Successful Recitations eBook

This eBook from the Gutenberg Project consists of approximately 540 pages of information about Successful Recitations.

Successful Recitations eBook

This eBook from the Gutenberg Project consists of approximately 540 pages of information about Successful Recitations.

“The songs they sing of Roostrum
Fill all the past with light;
If truth be in their music,
He was a noble knight. 
But were those heroes living,
And strong for battle still,
Would Mehrab Khan or Roostrum
Have climbed, like these, the Hill?”

And they replied, “Though Mehrab Khan was brave
As chief, he chose himself what risks to run;
Prince Roostrum lied, his forfeit life to save,
Which these had never done.”

“Enough!” he shouted fiercely;
“Doomed though they be to hell,
Bind fast the crimson trophy
Round both wrists—­bind it well. 
Who knows but that great Allah
May grudge such matchless men,
With none so decked in heaven,
To the fiends’ flaming den?”

Then all those gallant robbers
Shouted a stern “Amen!”. 
They raised the slaughtered sergeant,
They raised his mangled ten. 
And when we found their bodies
Left bleaching in the wind,
Around both wrists in glory
That crimson thread was twined.

Then Napier’s knightly heart, touched to the core,
Rung like an echo to that knightly deed;
He bade its memory live for evermore,
That those who run may read.

THE PRIVATE OF THE BUFFS.

BY SIR FRANCIS HASTINGS DOYLE.

["Some Sikhs and a private of the Buffs having remained behind with the grog-carts, fell into the hands of the Chinese.  On the next morning they were brought before the authorities, and commanded to perform the Kotow.  The Sikhs obeyed, but Moyse, the English soldier, declaring that he would not prostrate himself before any Chinaman alive, was immediately knocked upon the head, and his body thrown on a dunghill.”—­Times.]

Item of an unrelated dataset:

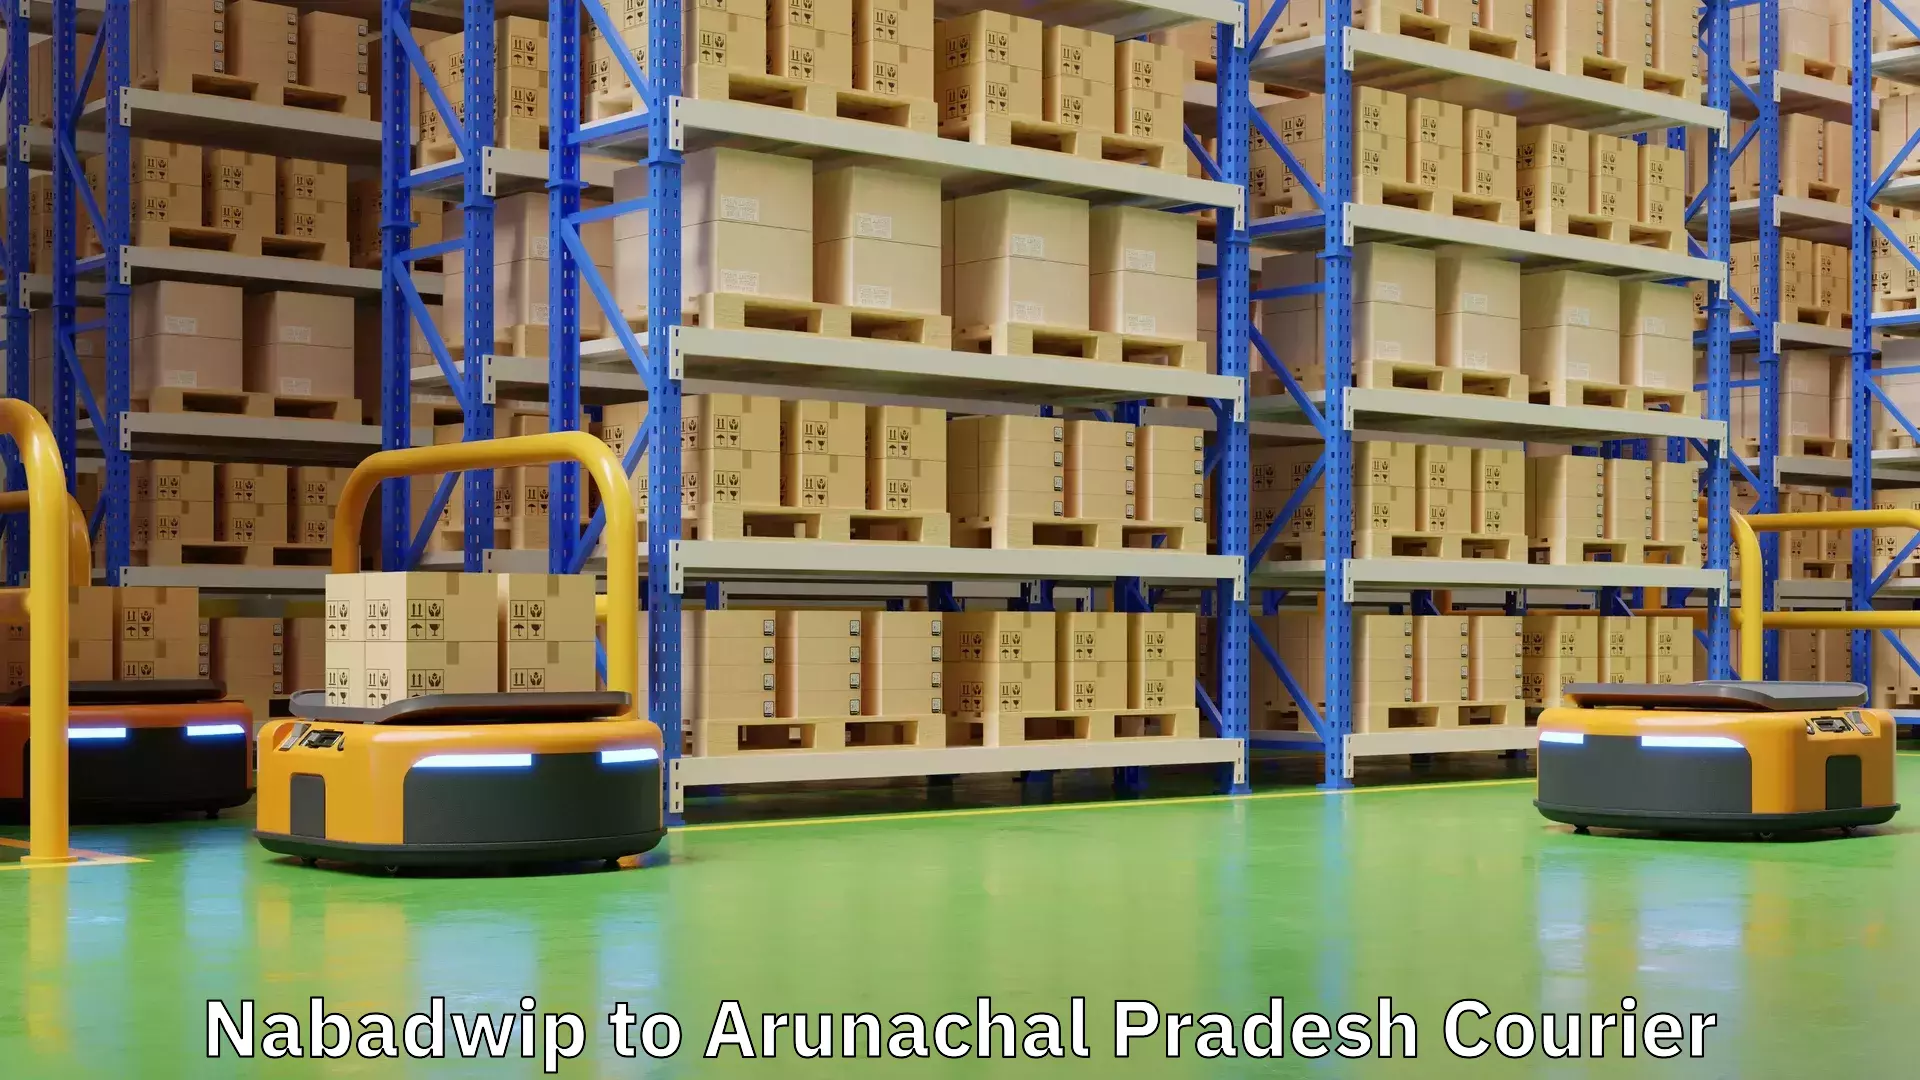 Nationwide shipping capabilities Nabadwip to Arunachal Pradesh

        Last night among his fellow roughs,
          He jested, quaffed, and swore;
        A drunken private of the Buffs
          Who never looked before.
        To-day beneath the foeman’s frown
          He stands in Elgin’s place
        Ambassador from Britain’s crown,
          And type of all her race.

        Poor, reckless, rude, low-born, untaught,
          Bewildered, and alone,
        A heart with English instinct fraught,
          He yet can call his own. 
        Ay, tear his body limb from limb,
          Bring cord or axe or flame;
        He only knows that not through him
          Shall England come to shame.

        For Kentish hop-fields round him seem’d
          Like dreams, to come and go;
        Bright leagues of cherry blossom gleam’d
          One sheet of living snow;
        The smoke above his father’s door,
          In grey, soft eddyings hung: 
        Must he then watch it rise no more
          Doom’d by himself, so young?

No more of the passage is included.